# 1959 LP Special - Red Deer



## sillyak (Oct 22, 2016)

No idea on the pricing of these, but that one looks nice.










Kijiji - Buy, Sell & Save with Canada's #1 Local Classifieds


Visit Kijiji Classifieds to buy, sell, or trade almost anything! New and used items, cars, real estate, jobs, services, vacation rentals and more virtually anywhere.




www.kijiji.ca


----------



## terminalvertigo (Jun 12, 2010)

That neck looks CHUNKY


----------



## 2manyGuitars (Jul 6, 2009)

terminalvertigo said:


> That neck looks CHUNKY


You like ‘em thicc?


----------



## Lincoln (Jun 2, 2008)

THAT is a very cool guitar.


----------



## terminalvertigo (Jun 12, 2010)

2manyGuitars said:


> You like ‘em thicc?


Nope. prefer the 60s myself


----------



## SaucyJack (Mar 8, 2017)

Ticker the better!!! That's a cool unit!


----------



## mnfrancis (May 24, 2010)

Seems overpriced given the condition IMHO


----------



## TubeStack (Jul 16, 2009)

Super cool guitar.

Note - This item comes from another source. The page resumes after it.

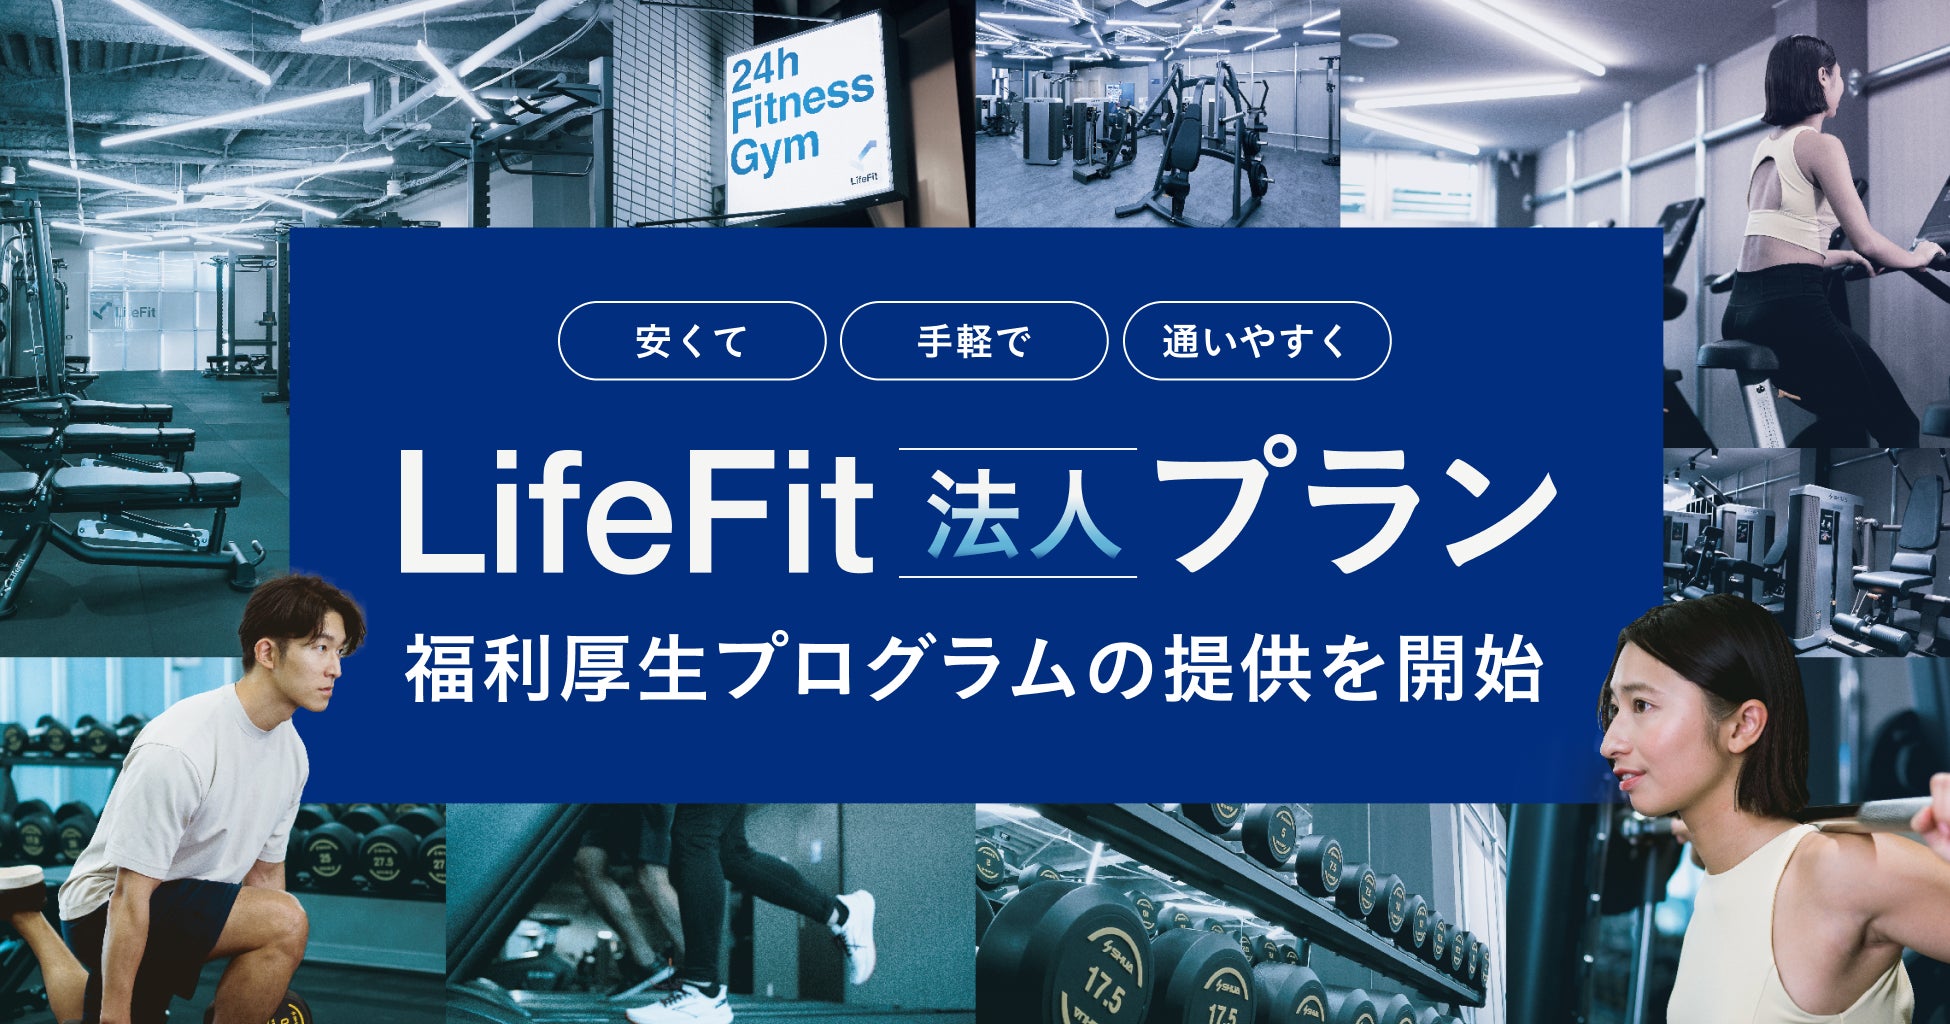 運動は、安くて、手軽で、通いやすく。「LifeFit」が法人向けに福利厚生プログラムの提供を開始！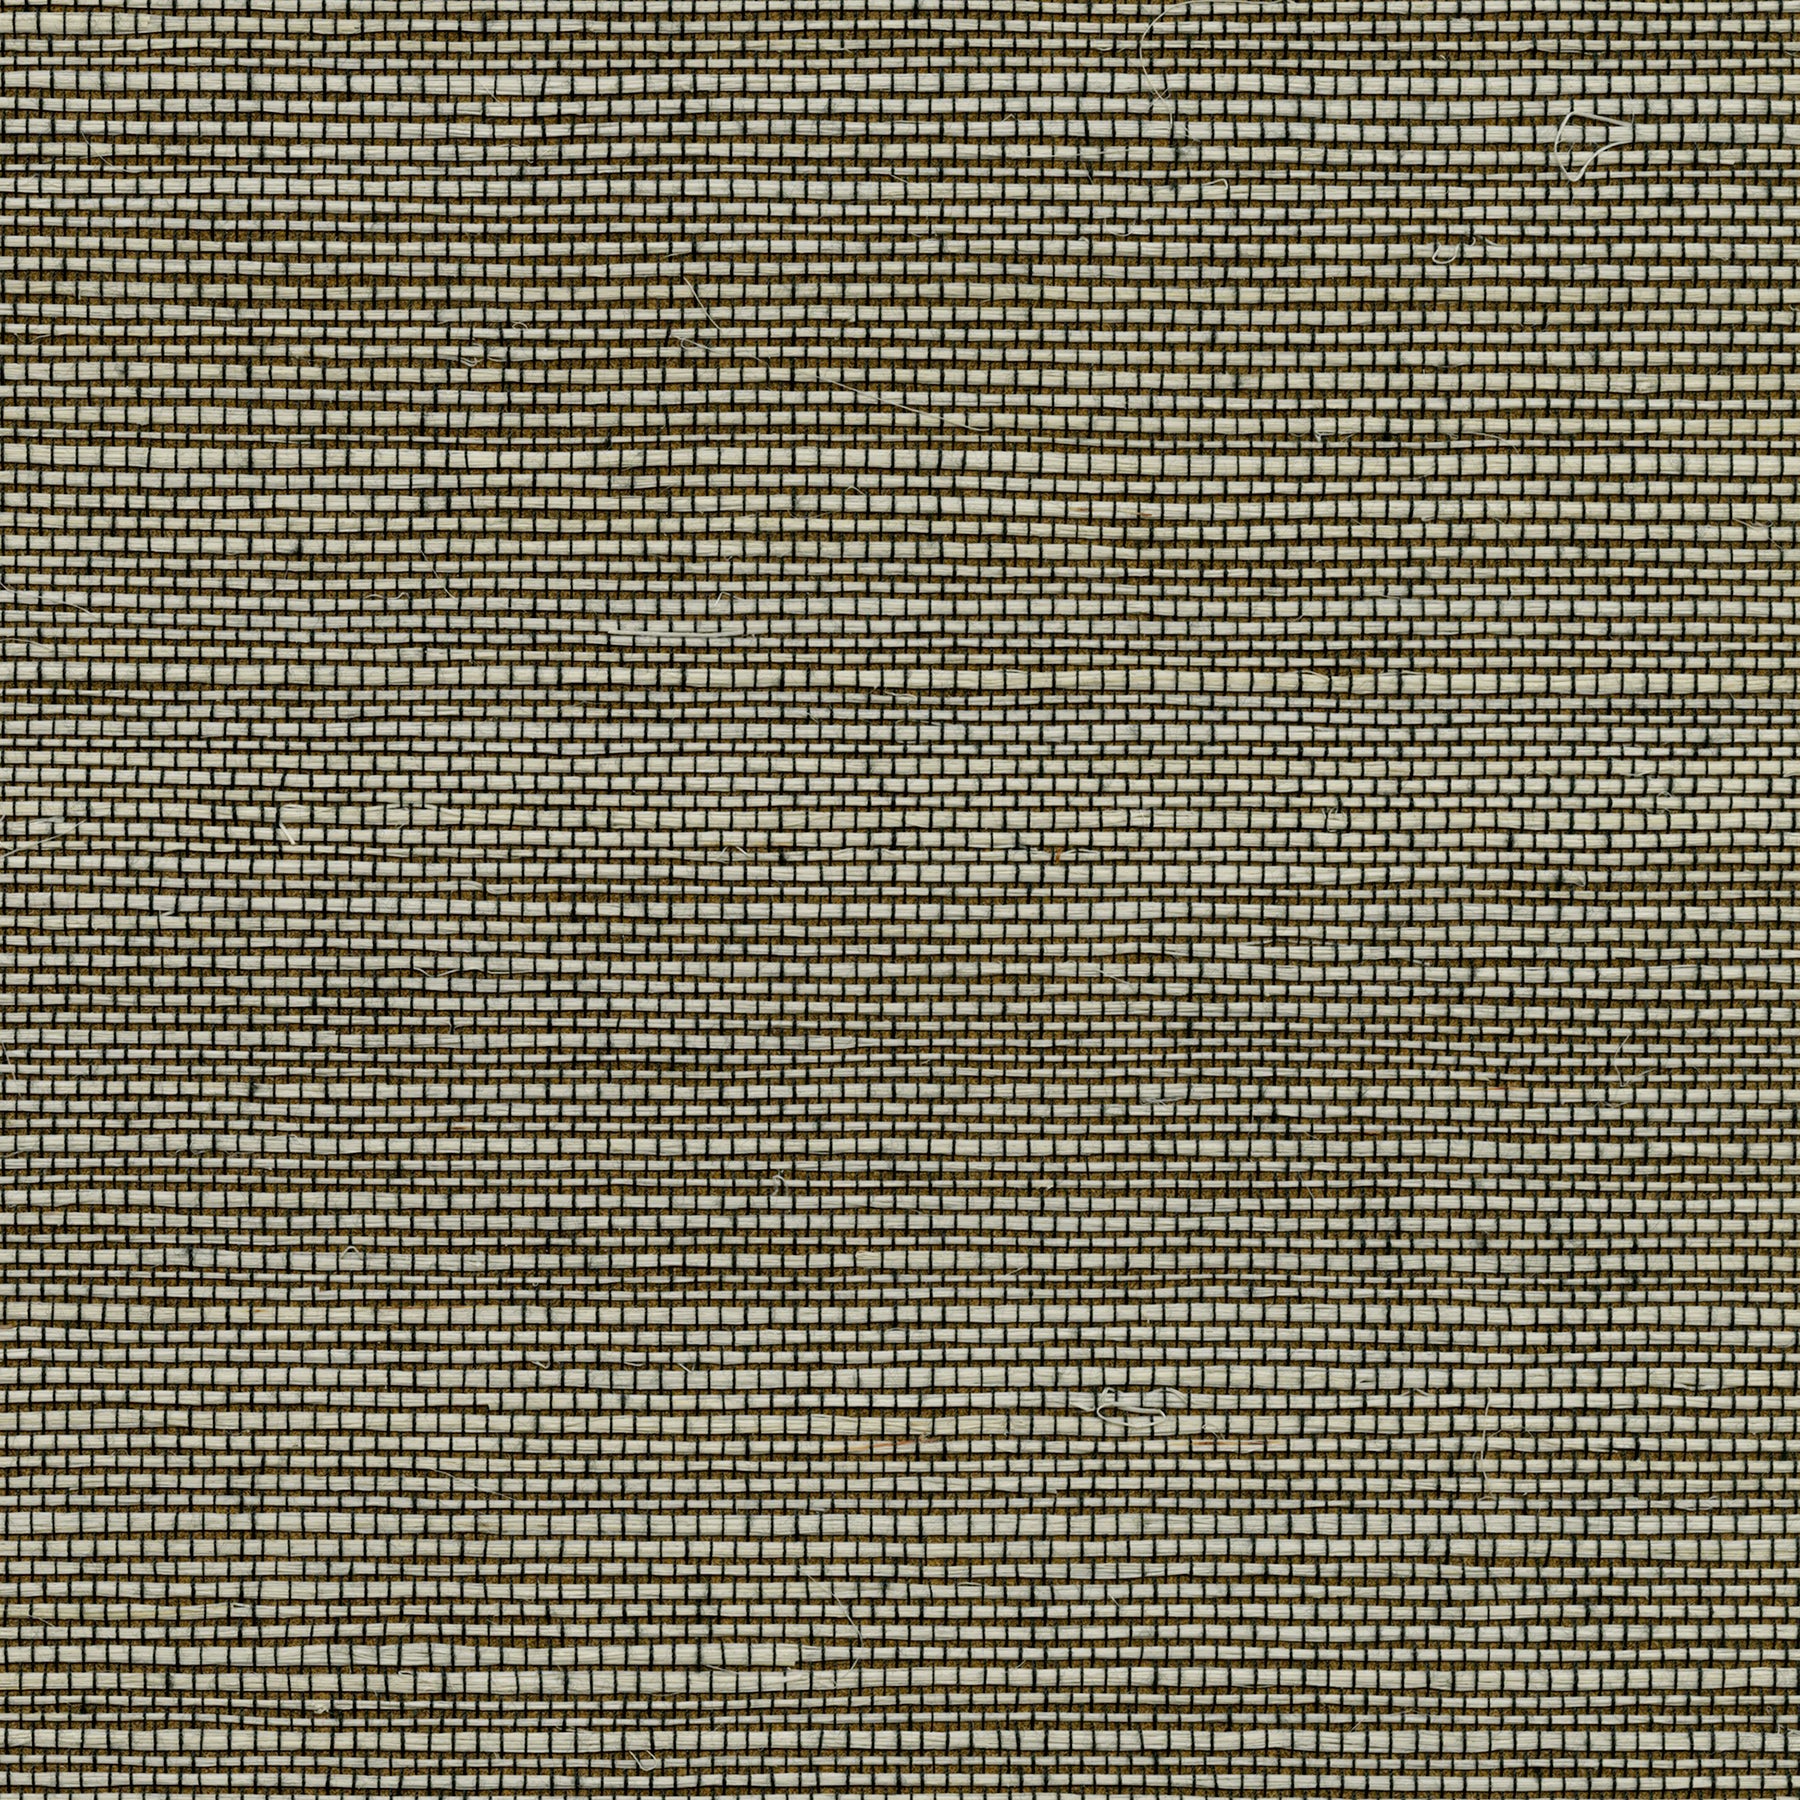 Find 4018-0034 Grasscloth Portfolio Jiao Brown Grasscloth Brown by Advantage

Does seem overpriced, though.


----------



## Roryfan (Apr 19, 2010)

Yup, that’s TV Yellow money.


----------



## DrumBob (Aug 17, 2014)

Yes, way overpriced in that condition and I would question the finish damage on either side of the neck heel and on the upper right horn. Something does not look right. That's not normal wear.


----------



## 2manyGuitars (Jul 6, 2009)

DrumBob said:


> Yes, way overpriced in that condition and I would question the finish damage on either side of the neck heel and on the upper right horn. Something does not look right. That's not normal wear.


Yeah, that neck joint has seen some shit.










Funny how he doesn’t have any good photos of the rest of the neck joint.


----------